Человек для особых поручений - Страница 25


К оглавлению

25

Дальнейшее мое участие в процессе, свелось к выполнению указаний по медитации, во время которой, вокруг меня постоянно вились Хельга и Бус, контролируя, следя, и поначалу, пока я еще не ушел, удерживая от сна. Это было время их сладкой мести, а для меня оно превратилось в четверо суток ада. Девяносто шесть часов непрестанной медитации под капельницей, на утке. Никакой еды, никакой смены положения тела, никакого туалета и никакого сна! Первые три часа я еще испытывал неудобство, потом, все больше уходя в глухой транс, я перестал ощущать собственное тело, на девятом часу абсолютной тишины и пустоты, мне стало казаться, что меня нет. Я не знаю сколько прошло времени, когда мой разум взвыл, пытаясь вернуться к нормальному существованию, но только усилием воли мне удавалось удерживаться от выхода из транса. Вечность непрерывного контроля, а потом, сфера перешла в режим мерцания, то и дело, одаривая фантомными ощущениями, превратившими жуткую пустоту в калейдоскоп мучений. Осознание чудовищной ломоты во всем теле, которого я не чувствовал, желание опорожнить кишечник и мочевой пузырь, существующие в форме знания, но от этого не становящиеся легче. Осознание голода и жажды, гложущих разум не меньше, чем несуществующий для меня в трансе, желудок… муки ада. У меня нет тела, но оно болит! Нет желудка, но я дохну от голода. Нет языка, но он распух от жажды. И я ничего не могу с этим поделать. А потому терплю. И это терпение тоже превратилось в пытку. Одну бесконечную, разрывающую на части даже не мозг, все существо, пытку. На девяносто седьмом часу, я выпал из глухого транса, и, только открыв глаза, потерял сознание, от наплыва образов, ощущений, запахов и чего-то еще неописуемого, огромного, подавляющего. Меня словно бы накрыло волной. Последнее, что я слышал, было: «ставьте кокон». А затем пришла тьма.

Глава 8
Сегодня вы проснулись от боли? Может, лучше было умереть вчера?

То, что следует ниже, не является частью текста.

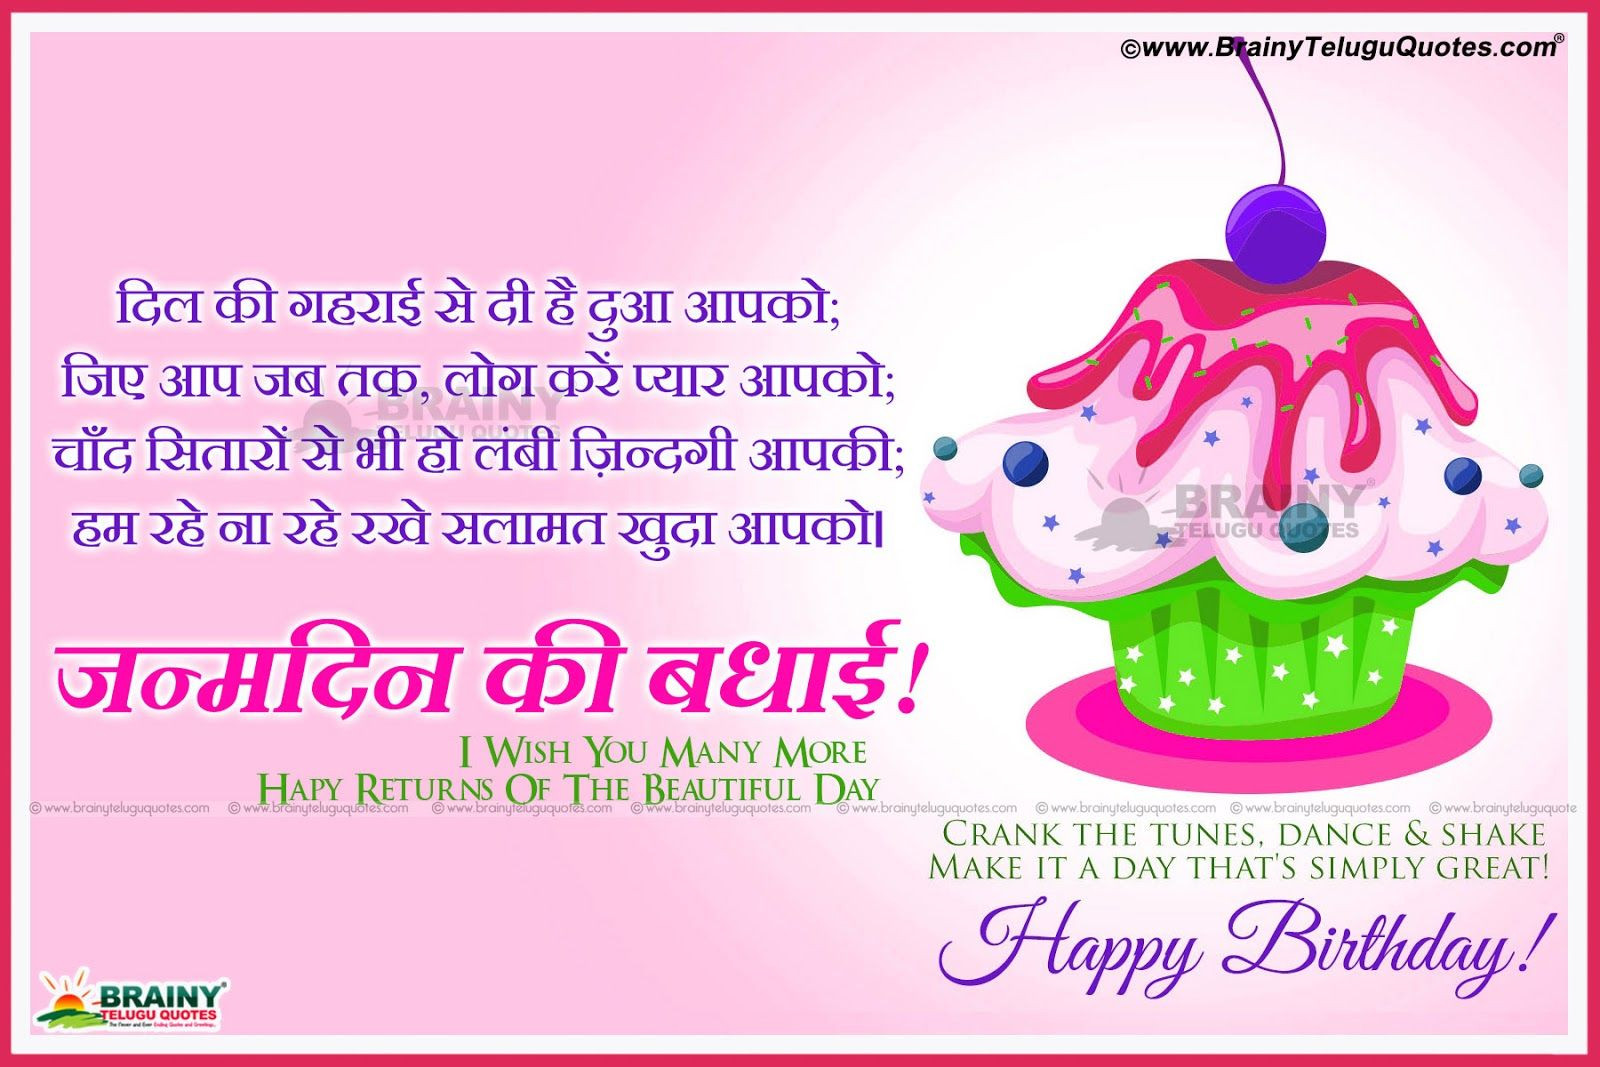 Hindi Birthday Wishes
 janmadin shayri hindi birthday wishes cards greetings

Надо было все-таки бежать… Расслабился, идиот… Ну, как же, вокруг все такие хорошие, белые, добрые и пушистые… Добился своего, князь… Ох, больно-то ка-ак!.. Стоп. Мне больно. Значит, жив? Вроде бы да. Но лучше бы сдох. Суставы выворачивает, в живот словно лавы налили, а голова… Моя несчастная тупая черепушка, хоть бы она раскололась наконец. Блин, до чего же больно!..

Меня знобит. Тело будто ватное и трясется как холодец в руках алкоголика… Та-ак. Это мы уже проходили. Неужели меня снова куда-то закинуло? И хрен бы с ним. Ох. Надеюсь только, что и здесь найдется свой Грац. Его помощь мне бы сейчас не помешала.

Спустя несколько минут боль начала неохотно отступать, и я, хоть и с трудом, но нашел в себе силы пошевелиться. Приоткрыл веки, и из груди вырвался облегченный вздох. Я в спальне флигеля. Подушки довольно высокие, так что мне прекрасно видно большую часть знакомой обстановки. В спальне темно. Вечер, утро? Неясно. Узкое окно с опущенными шторами, конторка, дверь… И кто это там решил побеспокоить мое болящее «благородие»?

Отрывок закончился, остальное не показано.